Commissioner of Transport for London
- In office 24 September 2015 – 29 June 2020
- Preceded by: Sir Peter Hendy
- Succeeded by: Andy Byford

Personal details
- Born: 14 April 1964 (age 61)

= Mike Brown (transport executive) =

Northern Irish-English transport planner and executive

Michael William Tuke Brown (born 14 April 1964) is a British transport executive who was the Commissioner of Transport for London from September 2015, upon his appointment by Mayor of London Boris Johnson, until June 2020.

==Career==
Brown started work for London Underground in 1989, rising to become its Chief Operating Officer in 2003. From 2008 to 2010, he moved to be Managing Director of Heathrow Airport. In 2010, he was appointed Managing Director of London Underground and London Rail.

On 16 July 2015, Brown became Interim Commissioner of Transport for London after the departure of Sir Peter Hendy. In September 2015, he was appointed commissioner on a permanent basis by the TfL board. Following the November 2016 Croydon tram derailment, he was one of two top Transport for London (TfL) officials to decline a performance bonus.

As of June 2017, Brown is a board member of London and Partners, chair of the Strategic Transport Apprenticeship Taskforce, and chair of the National Skills Academy for Rail.

In October 2019, TfL announced that Brown would be leaving his role as Commissioner in May 2020 to chair the Delivery Authority for the restoration of the Houses of Parliament.
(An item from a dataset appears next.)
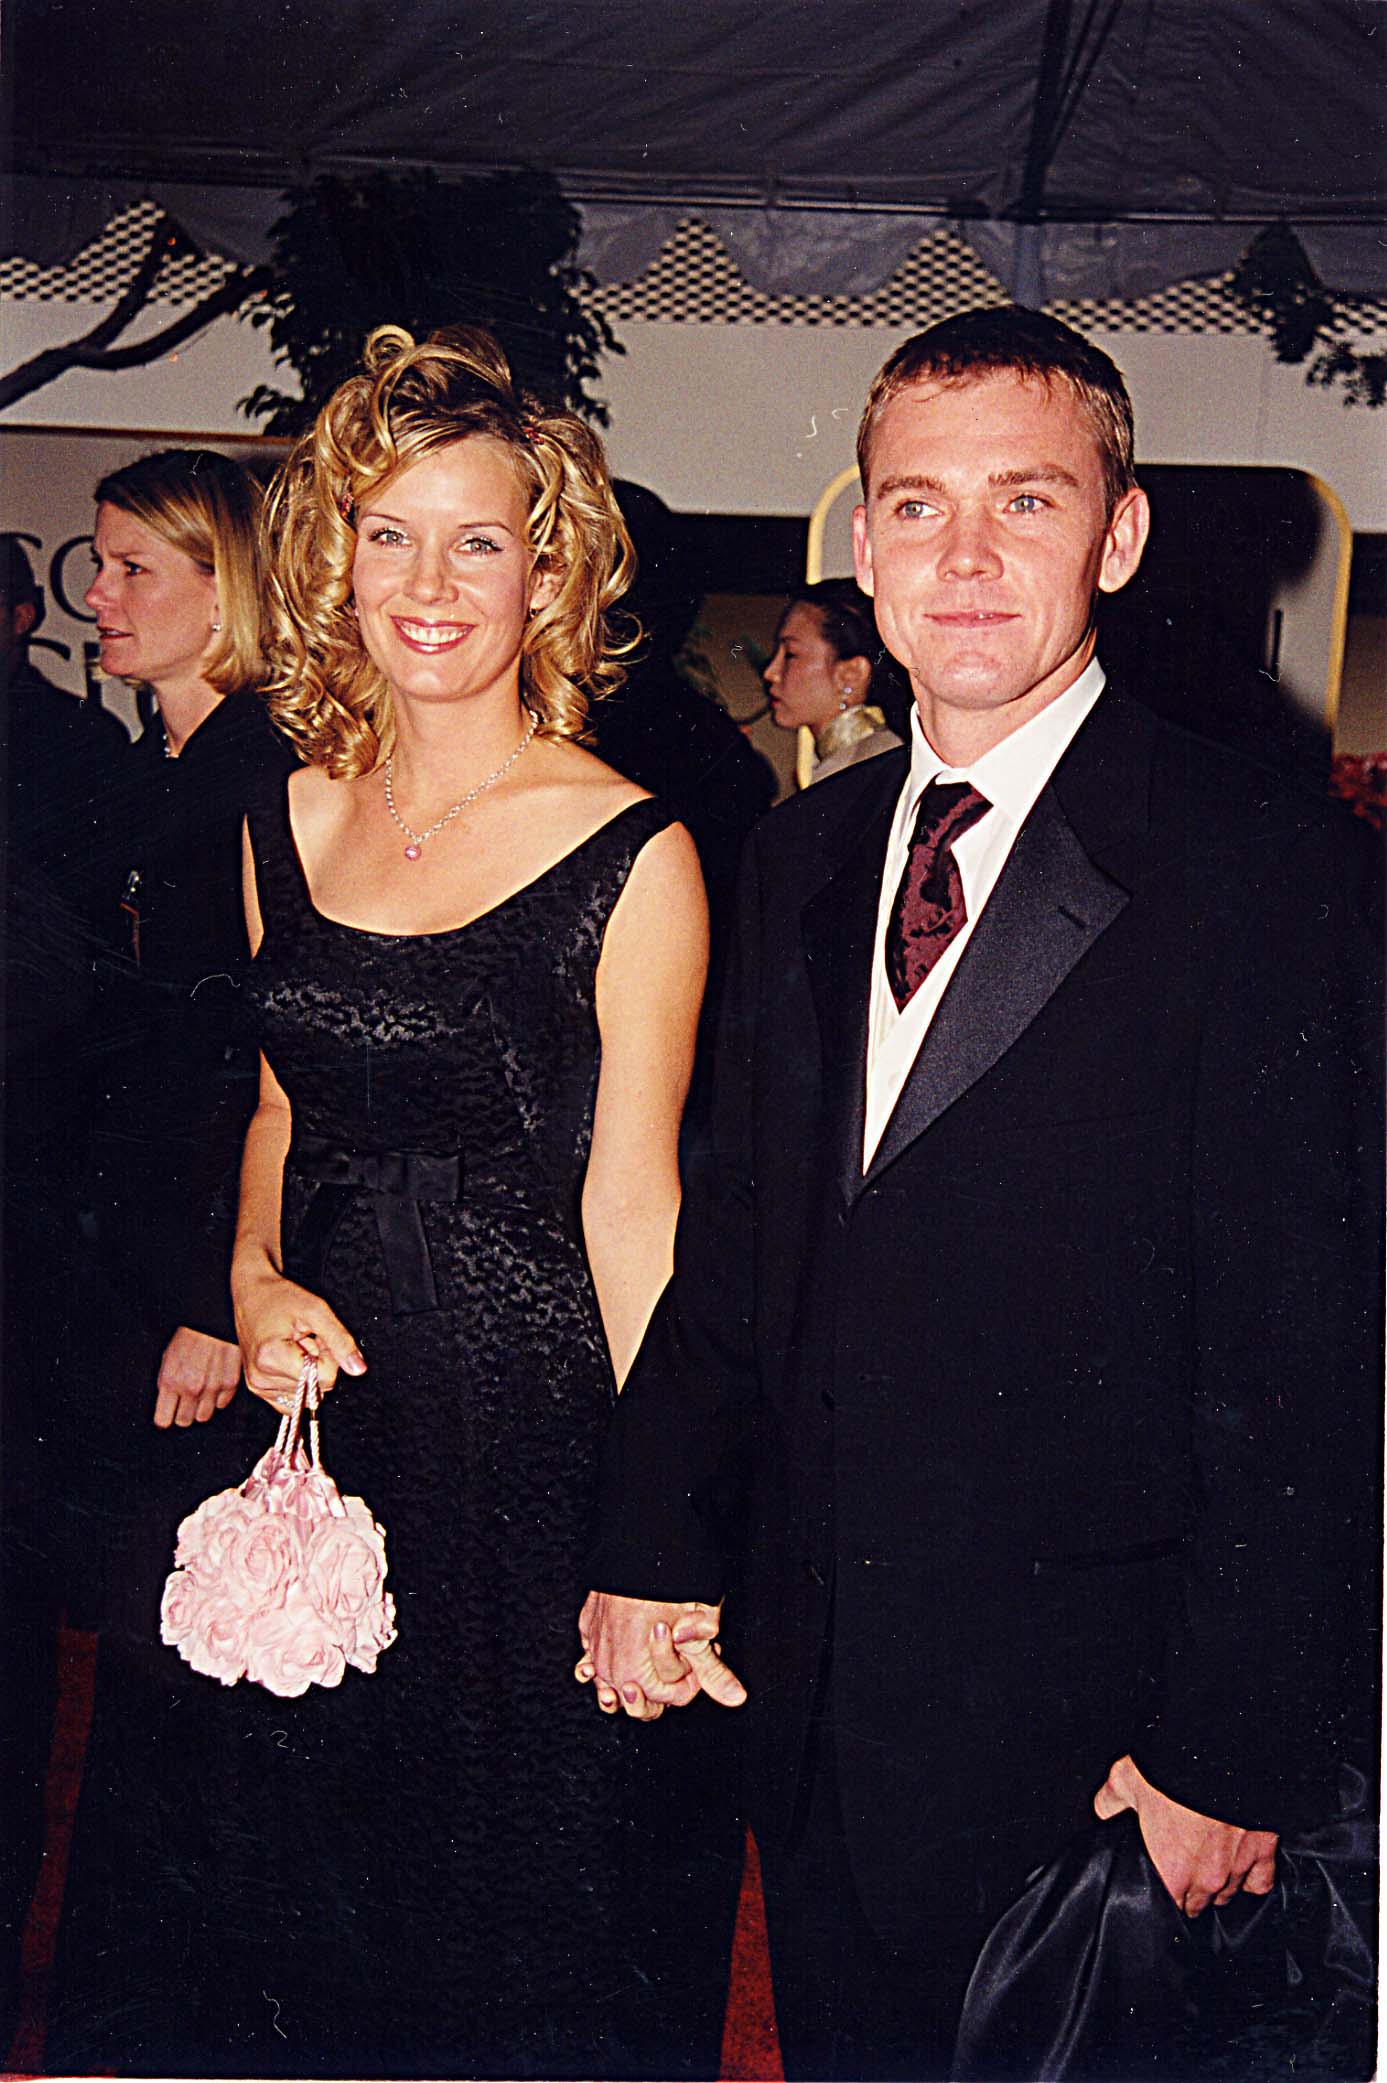 Andrea Schroder and Ricky Schroder attend the Golden Globe Awards in Los Angeles, California in 1999 | Source: Getty Images

In June 2022, he was appointed Chair of the Rail Safety and Standards Board.

== Honours and awards ==
Brown was appointed Member of the Royal Victorian Order (MVO) in the 2002 Birthday Honours "for services to the Golden Jubilee" for his work at TfL during what has been called "one of the Underground’s greatest-ever organisational challenges".

In 2016, he was awarded an honorary doctorate (LL.D.) by his alma mater, Queen's University Belfast, "for distinction in public service".

In 2020, he was appointed Commander of the Order of the British Empire (CBE) in the 2020 Birthday Honours for services to transport.